David Price voted against going to war in 2002, but only after he was forced to take a stand by the pressure from protests, petitions and an office occupation by students that led to three arrests. Since then, Price has repeatedly stated he has always been opposed to the war, but like many other Democrats, refuses to take any effective action to end it. Specifically, Price says he will not vote to cut off war funding as this would “not support the troops.”

A statement from the organizers of the protest, University of North Carolina-Chapel Hill Students for a Democratic Society (SDS), said: “The Democratic Party won the 2006 midterm elections on the basis of mass opposition to the war. Now, three months later, they are betraying the anti-war mandate handed down by the people on November 7th and escalating this criminal war, which has already resulted in the deaths of over 650,000 Iraqis and 3,000 young Americans. Any politician who claims to be against the war has to prove it. We demand concrete, immediate, effective action - not lukewarm resolutions about “phased withdrawal” or “troop redeployment.” We want all funding cut off and the troops out NOW, and we will hold the politicians’ feet to the fire until the will of the people is met!”

Inside the office, David Price’s aides talked to the student protesters, took notes during the discussion and asked questions. When the students refused to leave without a guarantee that Price would vote against funding for the Iraq war, the aides called the police. Within 30 minutes the police began to haul away the students, one at a time. Meanwhile a banner that read, “Closed for business” was unfurled from the roof of Price’s office while protesters on the picket line chanted loudly in support of the detained protesters.

Alisan Fathalizadeh was reading the SDS statement to the press and Price’s aides when Chapel Hill police broke her lock with the other activists and handcuffed her. It was Fathalizadeh’s first time being arrested at a protest. Asked how she felt about the demonstration afterwards, she said, “This is the least we can do.
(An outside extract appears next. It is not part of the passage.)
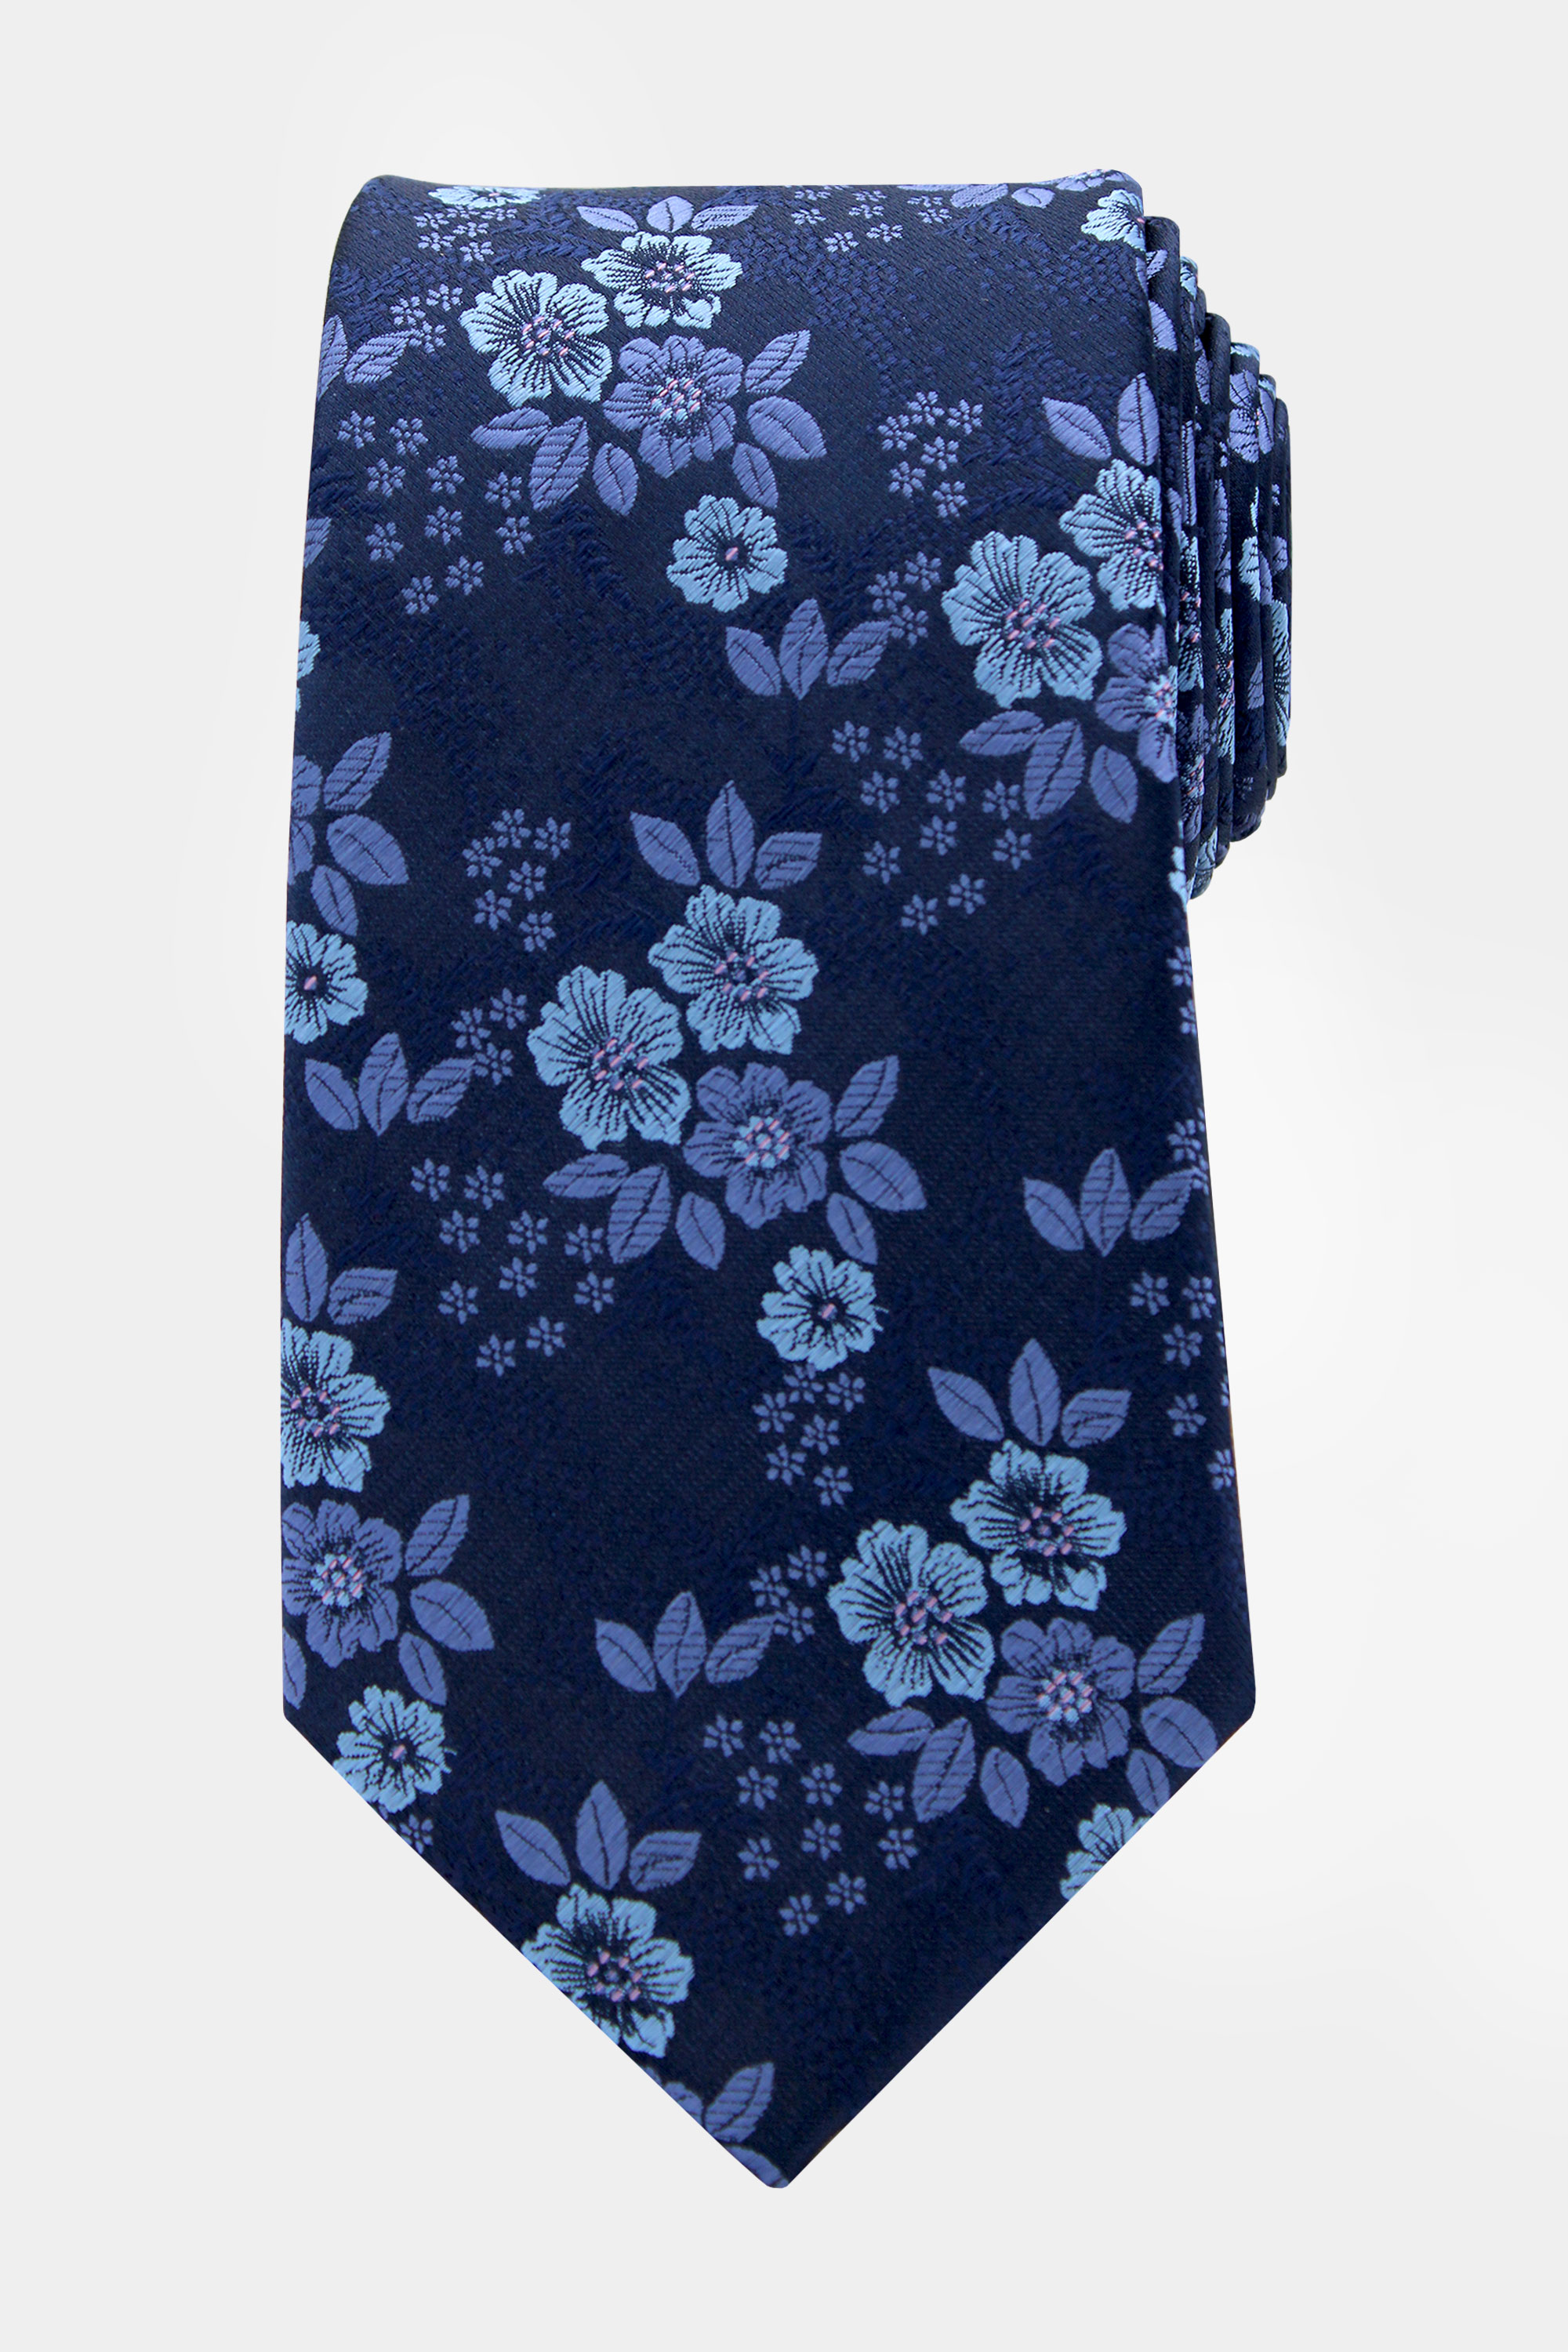 Navy-Blue-Floral-Tie-from-Gentlemansguru.com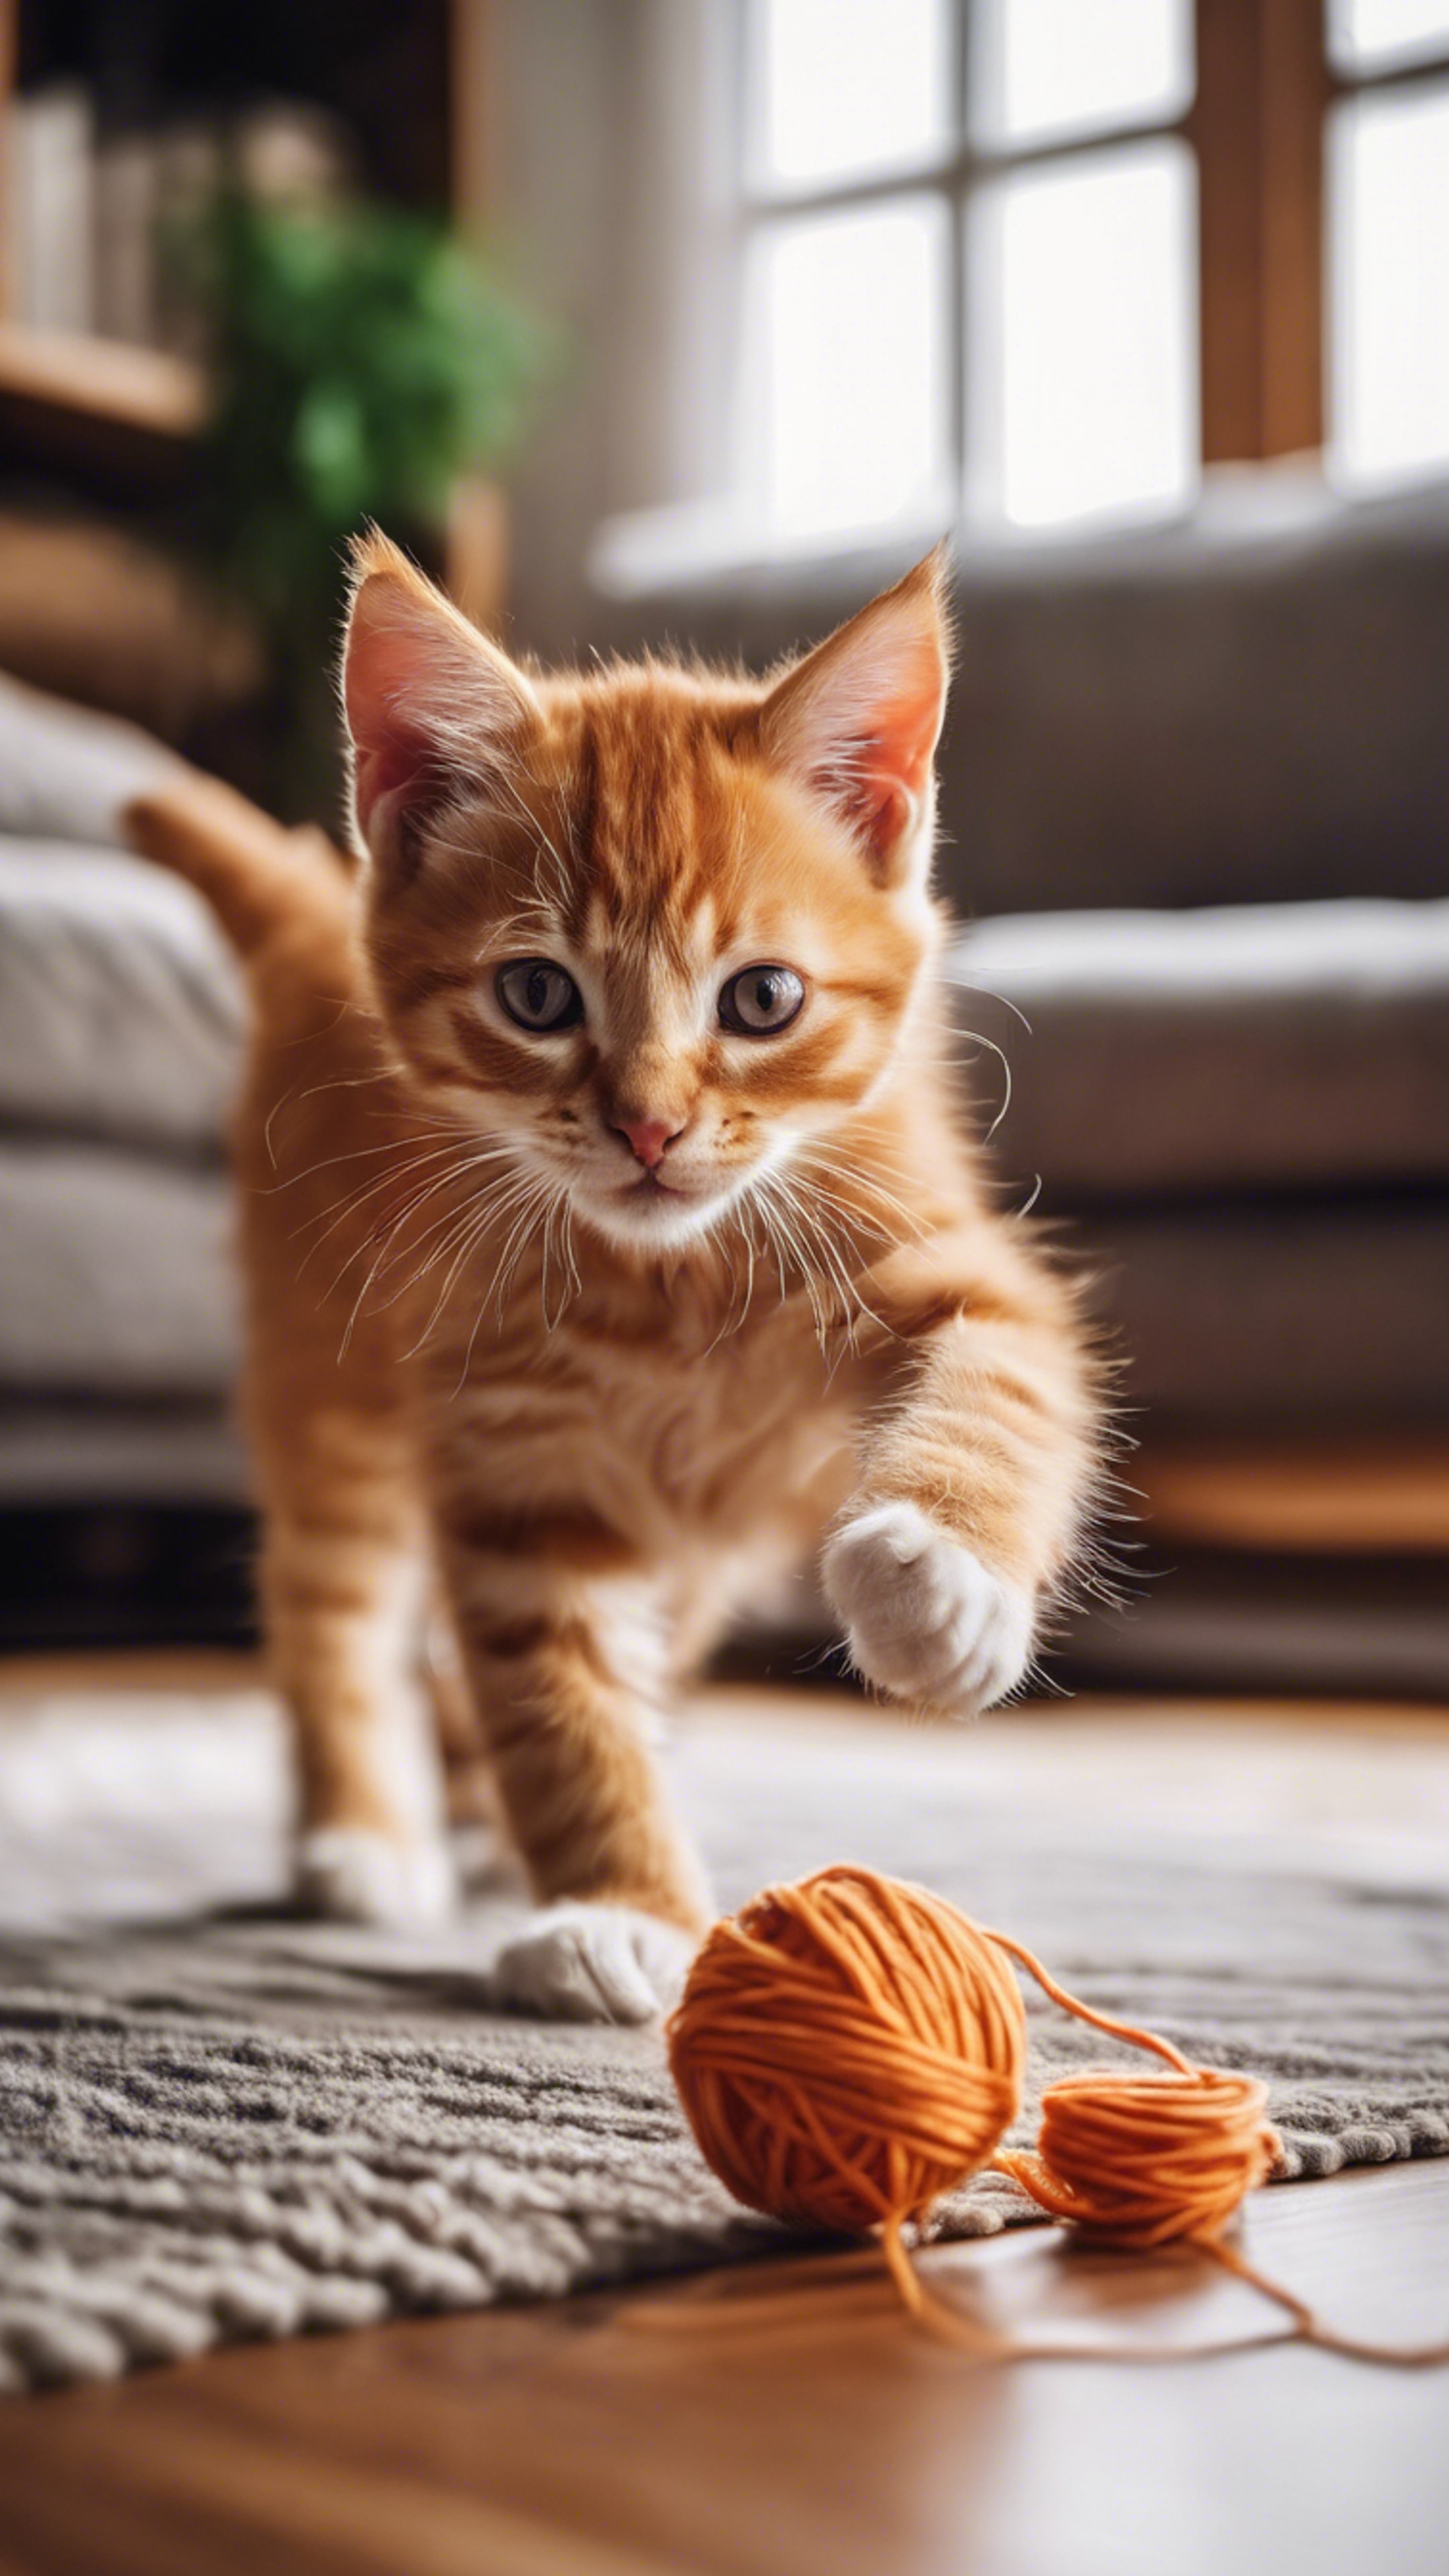 A playful orange tabby kitten, chasing a ball of yarn in a cozy wooden living room. Дэлгэцийн зураг[48ba56b3f1554d3caaed]

It’s nothing compared to all the anguish and suffering that people in Iraq are dealing with, the people who are seeing others die everyday.”

Fathalizadeh continued, “We are fed up with the system - and with the old tactics. We’ve petitioned, we’ve done rallies; we’ve even had members of the community go directly to Price and talk to him, to express our concerns in a more ‘civil’ manner. But this demonstration shows how much we are fed up with what’s going on. It’s horrible that it’s come down to this, but it shows how big the problem is and how it needs to be changed now. We won’t wait any longer.”

All six students were released on bail and are scheduled to appear in court on March 26 at 9:00 a.m. in Hillsborough.

In the meantime, UNC-Chapel Hill SDS and antiwar activists in the area plan to increase the pressure on David Price and other elected officials until they respond to the people’s demands.